Il ratto delle Sabine è un film del 1945, diretto da Mario Bonnard, riedito nel 1950 col titolo Il professor Trombone.

Trama[modifica | modifica wikitesto]

Aristide Tromboni (Totò) e la sua scalcagnata compagnia d'attori sono a caccia di scritture e soprattutto di cibo. In un paesino di campagna conoscono il professor Molmenti (Carlo Campanini), ansioso di mettere in scena il suo delirante dramma storico, "Il ratto delle Sabine". Tromboni si offre di rappresentare in teatro, a patto che il professore paghi in contanti costumi e scenografi. Molmenti chiede che l'autore del dramma rimanga anonimo, ma quando due attori abbandonano la compagnia accetta di sostituirli salendo sul palco con la sua fedele cameriera, la stolida Rosina (Clelia Matania). Tra costumi ridicoli e attori inadeguati (il nome del re dei sabini da Tazio diventa "Gaetano") la recita va incontro ad un sonoro fiasco...

Critica[modifica | modifica wikitesto]

Su Il Giornale del Mattino del 5 dicembre 1945: “Un film con Totò rappresenta sempre una garanzia per un'ora di buonumore. E infatti ieri il pubblico ha riso dal principio alla fine nel vedere riprodotta sullo schermo una commedia tanto cara ad Angelo Musco. Non mancano le trovate, non mancano gli atteggiamenti propri del comico che riscuote tante e così vive simpatie…”

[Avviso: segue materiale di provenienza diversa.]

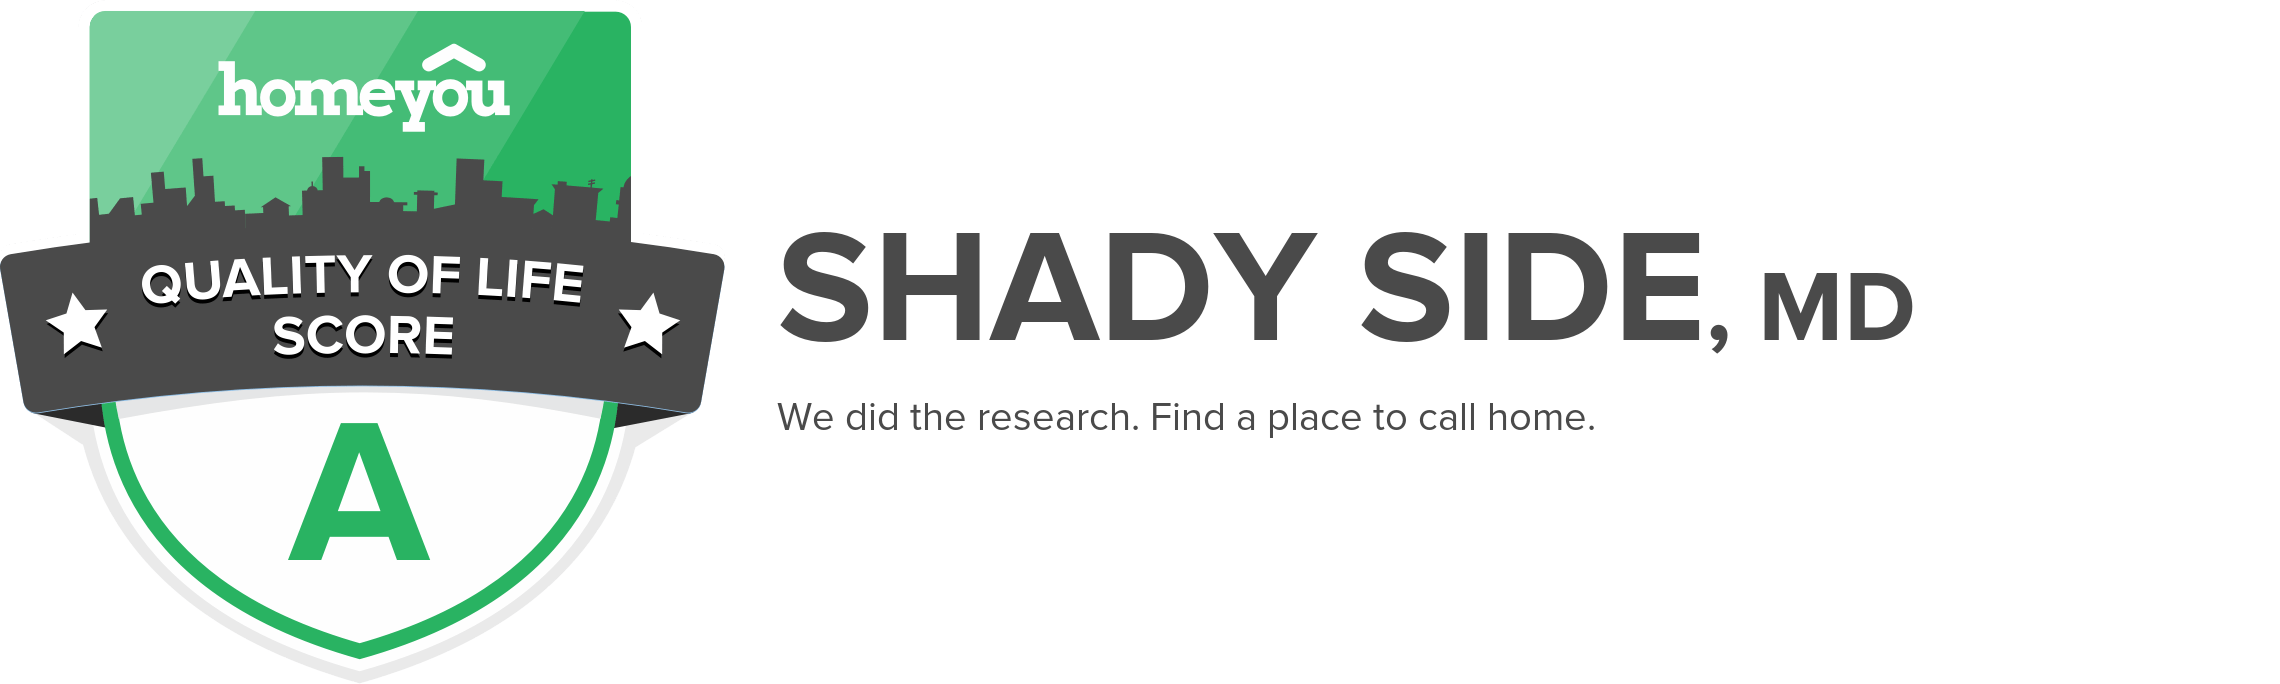 Shady Side, MD

Curiosità[modifica | modifica wikitesto]

  • Tratto dalla commedia 'Der Raub der Sabinerinnen' di Franz e Paul von Schönthan riadattato da Mario Bonnard (regista e sceneggiatore) e Mario Amendola (sceneggiatore), il film fu realizzato nell'autunno del '45 negli studi Capitani in via degli Avignonesi a Roma, dentro gli stessi ambienti in cui Rossellini aveva girato gli interni di "Roma città aperta", poco prima.
  • La versione originale della pellicola non esiste più. Girato in fretta e con scarsi mezzi in un periodo drammatico per l'Italia, il film fu poi rimontato, rimaneggiando il negativo originale, per preparare una nuova edizione uscita nel '50 col titolo "Il professor Trombone", l'unica esistente oggi.
  • Per la prima volta appare al fianco di Totò nel grande schermo Mario Castellani, suo partner in rivista dal '27 e da lì a poco la sua più fedele e famosa spalla cinematografica.
  • Da notare fra gli interpreti un allora giovanissimo Giuseppe Rinaldi, più noto quale attivissimo doppiatore di tantissimi attori, hollywoodiani e non.